One of the things I’ve been doing while I have time off is catch up on my reading. Between looking after Amy, household chores, optometrist and dentist visits, etc. I’ve been reading bits and pieces of two books. One is Natural Capitalism, which is certainly thought provoking even though its conclusions might be a bit misguided, and the other is George Varghese’s Network Algorithmics. So far I’m only up to chapter eight, and it has been a mixed bag. For one thing, the author makes lots of untrue claims about Fibre Channel, which he persistently misspells as FiberChannel. On the other hand, much of the material should be familiar to readers of my own server design article, and it’s nice to see a book-length treatment of such an important but often-neglected technical area. Chapter five on avoiding copies and chapter six on avoiding context switches should be particularly familiar. I think Varghese mostly Gets It, though I suspect he’s a better techie than he is a writer because he often seems to start with a good point and then lose his way in subsequent levels of elaboration. For example, at the start of chapter eight he’s trying to explain why “early demultiplexing” … basically the idea of examining an incoming packet and putting it on a specific queue immediately instead of leaving it on a common queue where it might block other more important packet … is a good idea. Among his justifications are ease/efficiency of implementing protocols in user space, and early checking of things like packet lengths. I’ll address each of these in turn.

Varghese is obviously fond of user-level protocol implementations. I’m not. Perhaps the difference lies in the environments in which we’ve worked. User-level protocol implementations can work very well in “closed” environments where one has full control over what activities occur on the system and what users have access. Unfortunately, these advantages are rapidly overshadowed in a more “open” general-purpose environment. To see why, consider resource management. In a closed system, one can exercise a certain amount of preemptive control over resource usage. Analyses can be done under a finite set of circumstances, determining resource-allocation rules that can be used to determine optimal allocation strategies and/or to set rules that programmers within the system must live by. In an open system such analysis, specialization and rule enforcement are impossible. Protecting users from one another in such a system is mandatory, even though it saps performance and increases code complexity. As it turns out, also, many systems one might think of as closed (e.g. Revivio’s) are really open because they rely on technology from an open-system world and/or integrate multiple third-party components that lack the kind of design coherence that Varghese seems to assume.

On the second point, of prechecking lengths, Varghese refers to one of his “15 Principles Used to Overcome Network Bottlenecks” which are sort of an inverse of my “Four Horsemen of Poor Performance” and are ubiquitously referred to in the book as Pn (where n is the rule number).

For example, rather than have each layer protocol check for packet lengths, this can be done just once in the spirit of P1, avoiding obvious waste.

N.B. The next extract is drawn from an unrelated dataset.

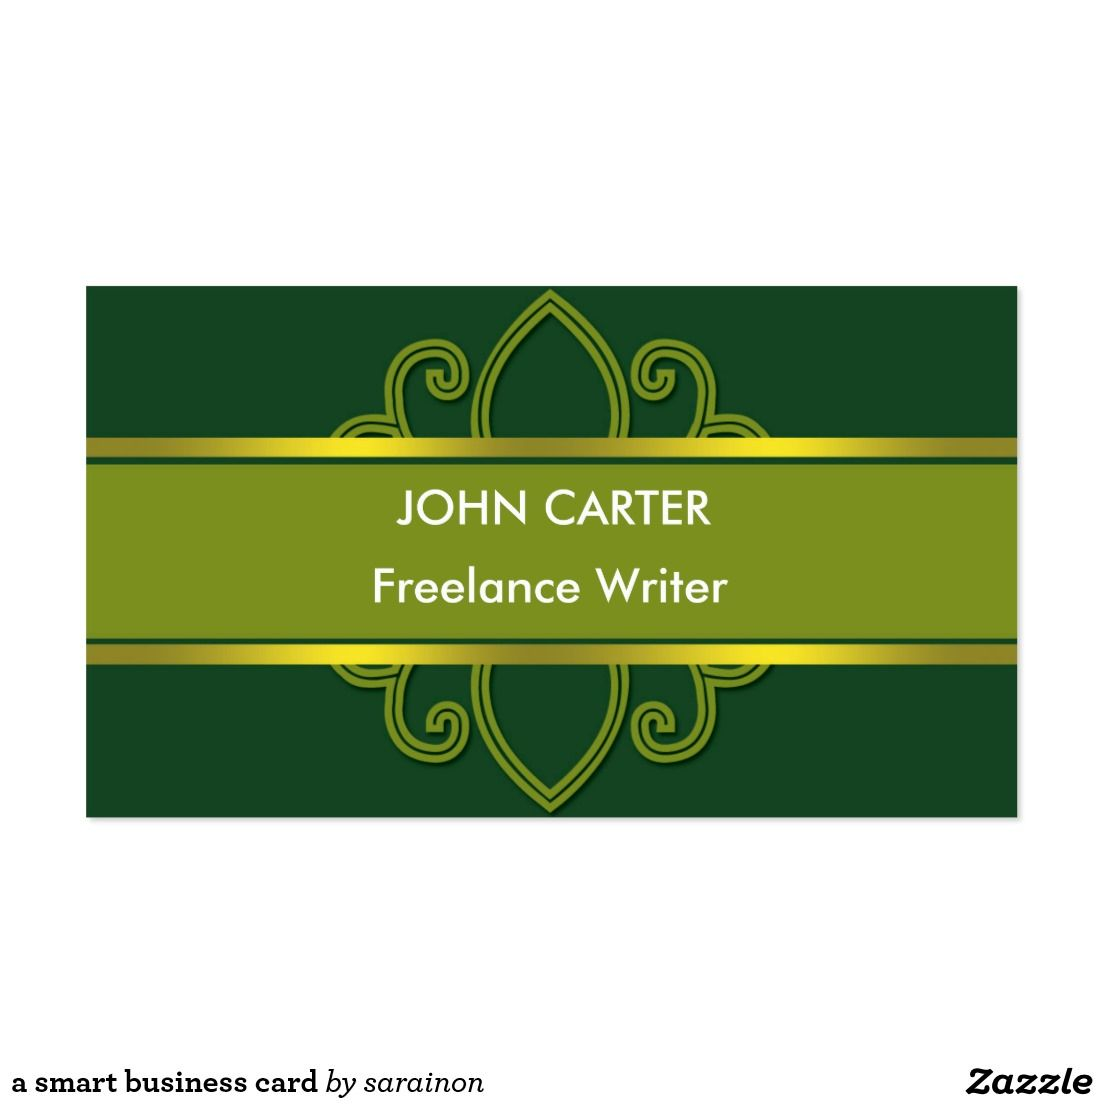 a smart business card | Business Cards: Freelance Writer | Pinterest

I object to this suggestion on two counts. First, combining these checks requires that the low-level code know the packet formats for every protocol above it. Ick. This is not just an aesthetic “layers are pretty” objection either; in an open system the complete set of upper-layer protocols can not be known until run time. Enabling upper-layer code to “teach” lower-layer code about packet formats both constrains those formats and introduces massive amounts of API complexity. The second objection is that Varghese is applying the wrong rule. Instead of applying P1, Varghese should be applying P2b (evaluate lazily). Under load, it’s likely that a fairly high percentage of packets will get dropped, and precalculating anything for about-to-be-dropped packets is a waste. One might argue that this is a violation of the principle of optimizing for the common case (which I know from Hennessy and Patterson) but it’s actually an application of another rule that doesn’t make Varghese’s list.

Always know what you’re optimizing for.

Most people should be optimizing for the high-load case because the low-load case mostly takes care of itself. For example, nobody’s going to care if your web server handles a single request 10% faster if everything that the web server does is less than 1% of the network latency anyway. They might care, however, if your server handles high load 10% better so they only need to provision nine servers for an application instead of ten. When designing to maximize throughput, you must always think in terms of the characteristics of the system under load, not at idle, and they’re often very different. Interestingly, this is where Varghese could have backed into the correct answer because he phrased his P11 as optimization of the expected case rather than the common case. High load is the expected (if not common) case, and under high load packet drops are frequent. Thus an application of P11 followed by P2b suggests that we should avoid precalculation in this case, which I believe is the correct answer.

So I think Varghese got this one wrong. Big deal. It’s still (so far) a good book on a subject near and dear to my heart. Experts disagree all the time, and even if I don’t get anything out of the book besides an opportunity to state my case on some of the issues Varghese raises it will have been worth it.